Unintended benefit: Dust is absorbing moisture that tropical cyclones need to form
NASSAU, BAHAMAS — Residents with allergies and or respiratory illnesses are being advised to take necessary precautions, inclusive of taking medication, as The Bahamas braces for a concentrated expanse of Saharan dust haze.
Some of the dust, known as the Saharan Air Layer (SAL), is expected to move over the southern and central Bahamas today and tomorrow, and some of the northern islands, including New Providence on Wednesday.
The SAL commonly forms from late spring through early fall.
The current plume originated off western Africa and has travelled over 3,000 miles from the Atlantic Ocean to the Caribbean Sea.
Numerous Caribbean countries have warned their residents to take similar health precautions as the dense plume made its way across the Atlantic Ocean and into the region.
The Bahamas Department of Meteorology is expected to issue an advisory today.
In an interview with Eyewitness News, Chief Climatological Officer Michael Stubbs said: “Between now and Wednesday, we should be experiencing quite a bit of it in the upper atmosphere.
“This is not uncommon.
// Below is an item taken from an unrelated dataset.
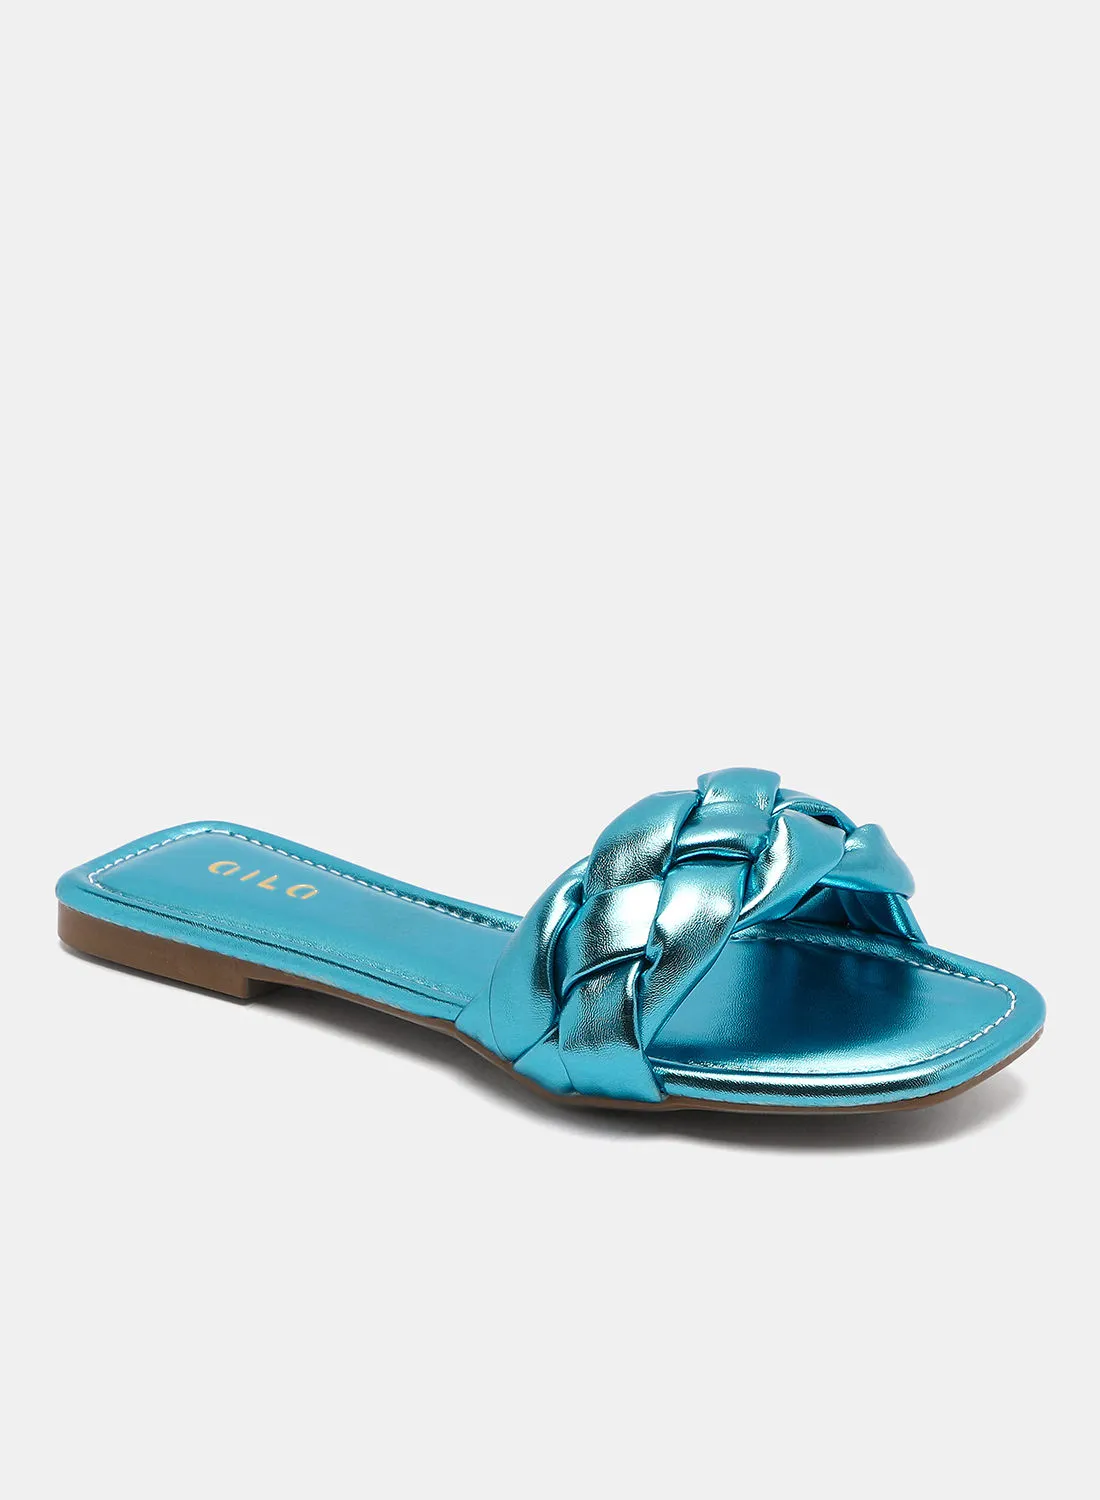 Aila Casual Plain Flat Sandals Blue

Almost every year, around this time, we will see this kind of occurrence: that is Saharan dust coming over from the Saharan area and the west coast of Africa and it is actually airborne, and caught up in the trade winds, and it brings it this way.
“Trade winds blow from east to west across The Bahamas,” he said.
“In fact, it is the same path that the cyclones take actually when they develop off the coast of Africa.
“So, like many other countries we are asking persons who are prone to allergies, particularly where upper respiratory allergies to be cognizant and make sure to take the necessary actions and to prevent this becoming a problem for them by perhaps continuing to wear the mask like we do for COVID and also to perhaps to anticipate using the allergy prescribed medicine in advance of this.”
According to Stubbs, the dust participles in combination with high pressure could help to absorb more moisture in the atmosphere, which could suppress the formation of tropical cyclones and thunderstorms.
The dust haze could lead to a sore throat, itchy or watery eyes, sneezing, a runny and/or a dry cough.
Due to the ongoing COVID-19 pandemic and a heightened climate of awareness of symptoms suggestive of the virus, the health impacts of the dust could be misinterpreted.
The plume of dust was expected to impact St Maarten on Saturday and Jamaica today.
Both countries have issued advisories.
Meteorology Offices in other countries, including St Vincent and the Grenadines, and Trinidad and Tobago have issued similar warnings, encouraging vulnerable groups to take precautions.